◆ **TASK INSTRUCTIONS**
The answer should consist of the full listing below, repeated exactly and free of pictures.

◆ **DATASET EXTRACT**
════════════════════

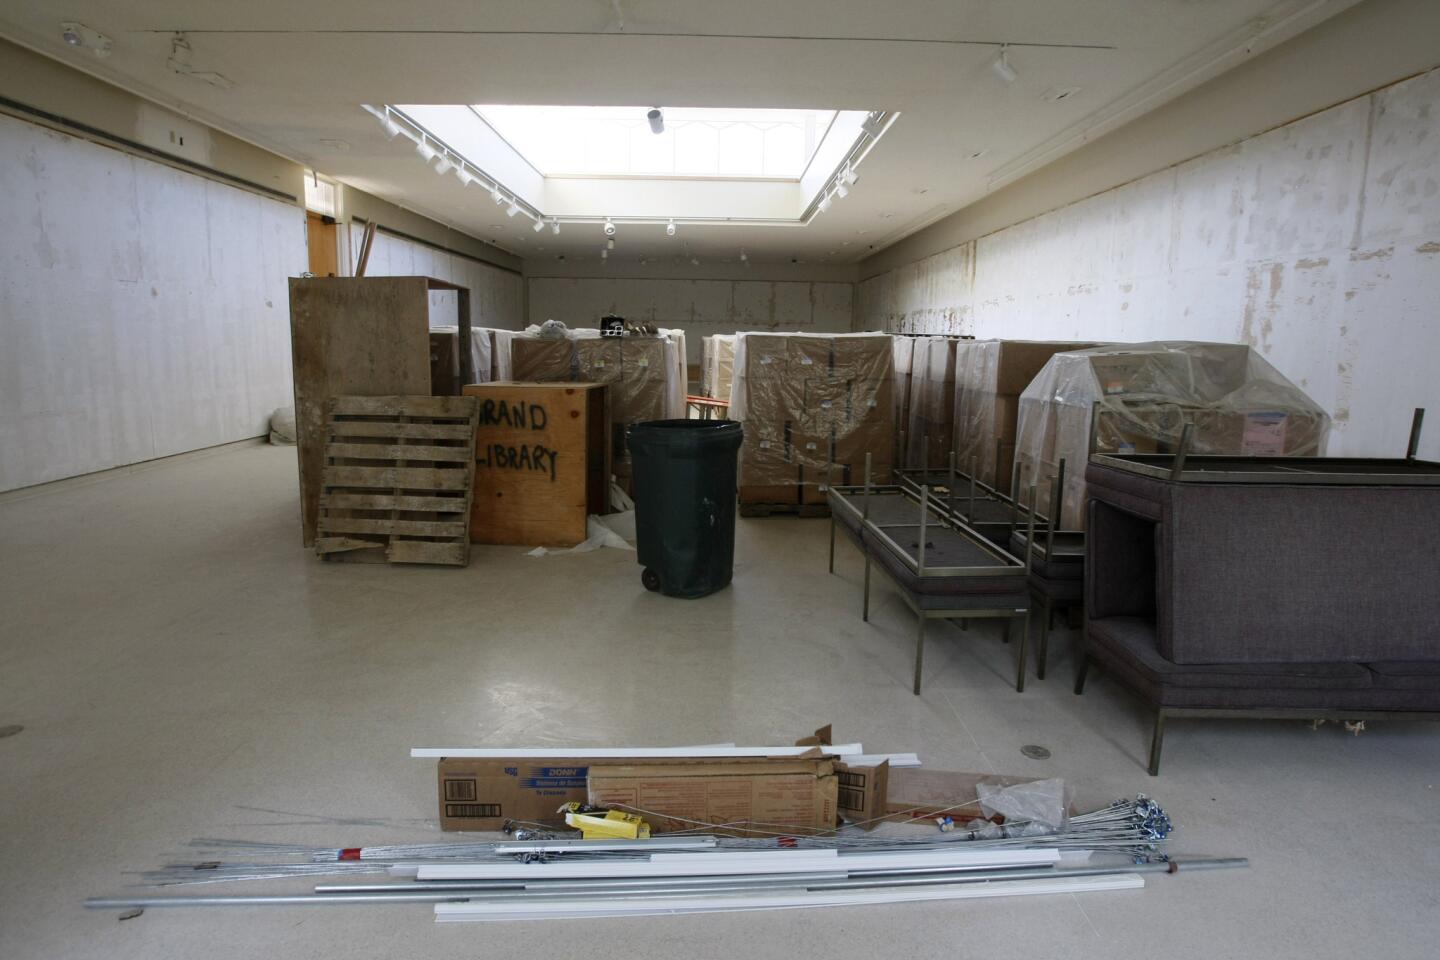 Photo Gallery: Brand Library renovations continue
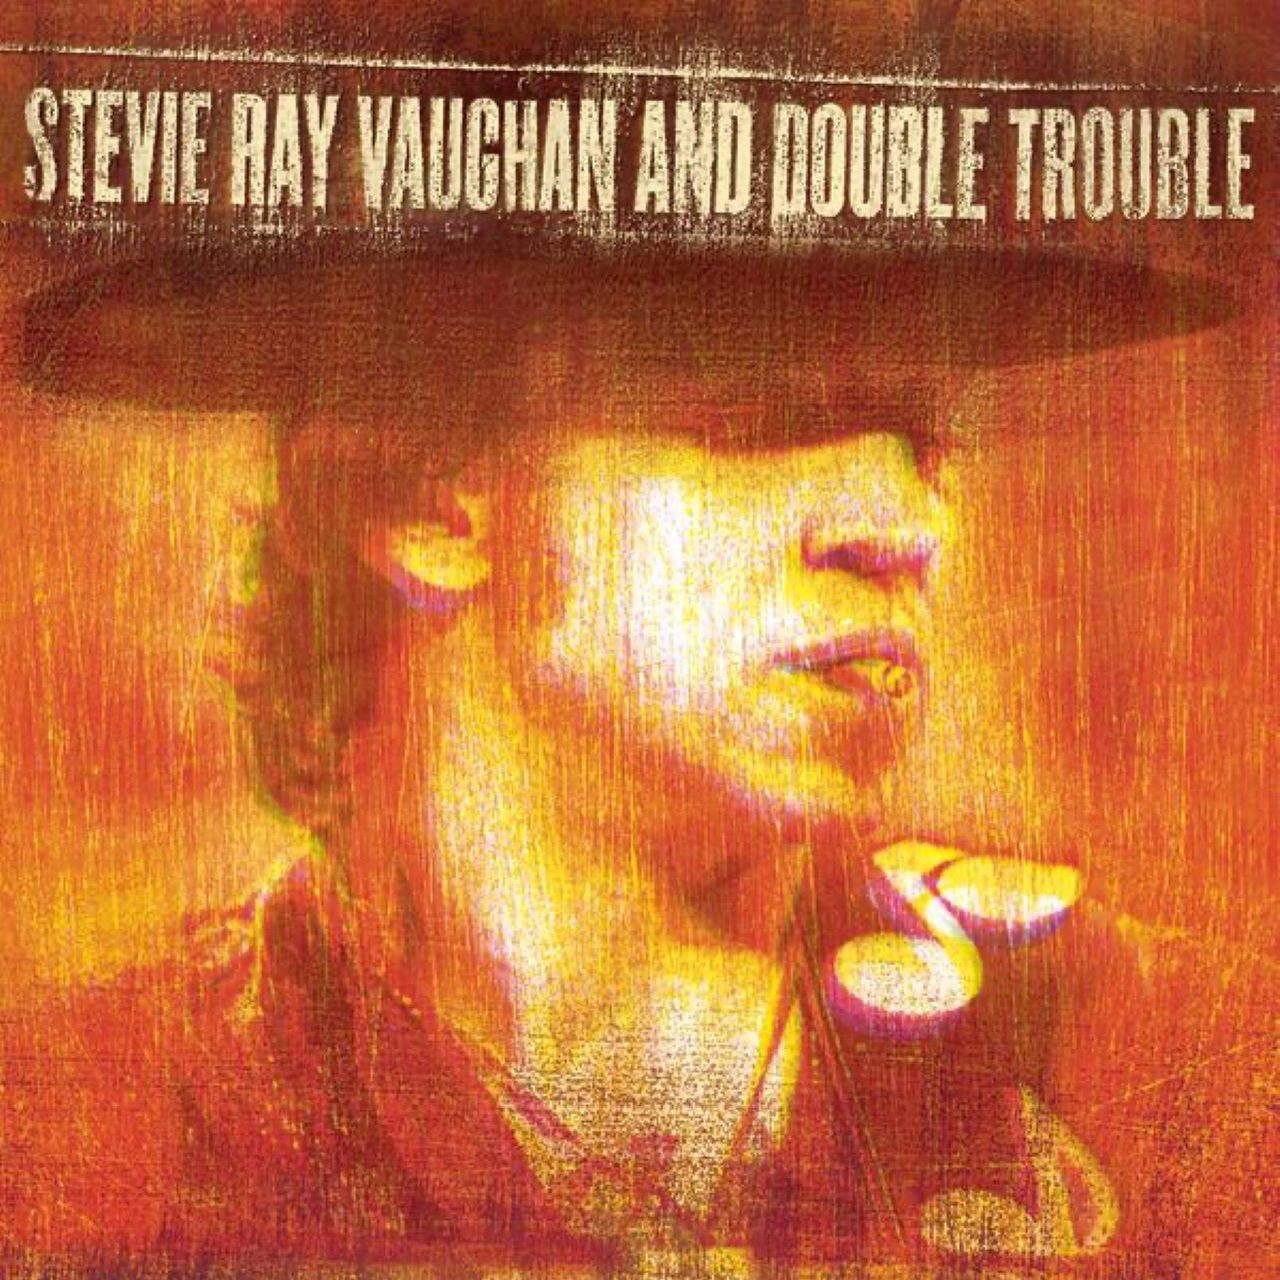 Stevie Ray Vaughan And Double Trouble – Live At Montreux 1982 & 1985 cover album
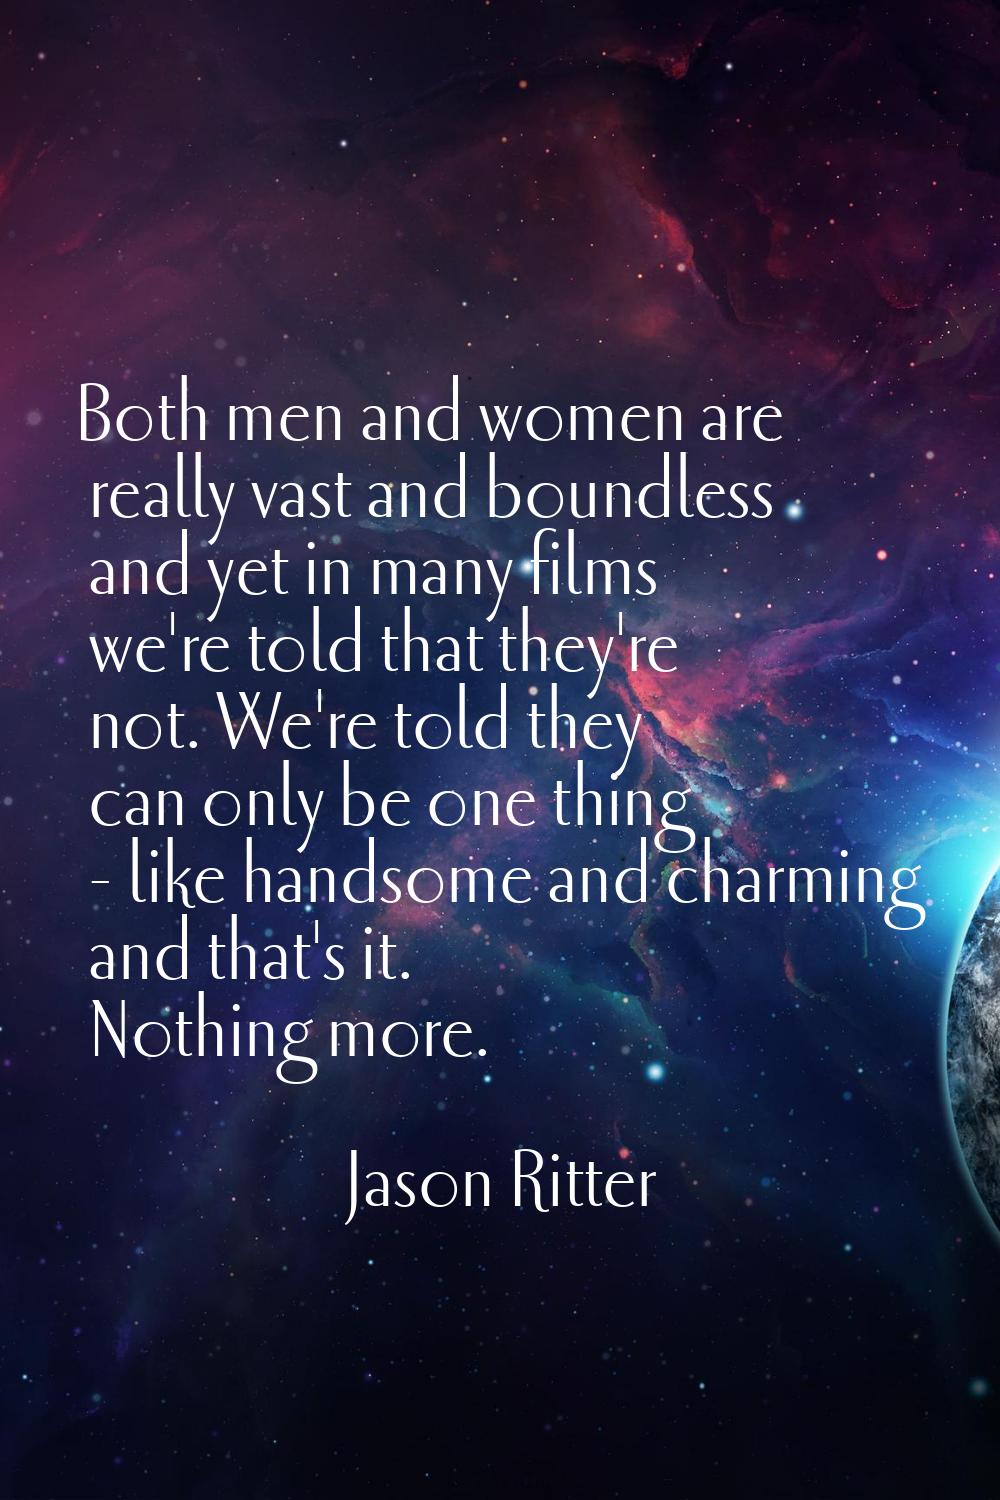 Both men and women are really vast and boundless and yet in many films we're told that they're not.

════════════════════

◆ **EXPECTED ANSWER**
 Photo Gallery: Brand Library renovations continue
 Stevie Ray Vaughan And Double Trouble – Live At Montreux 1982 & 1985 cover album
 Both men and women are really vast and boundless and yet in many films we're told that they're not.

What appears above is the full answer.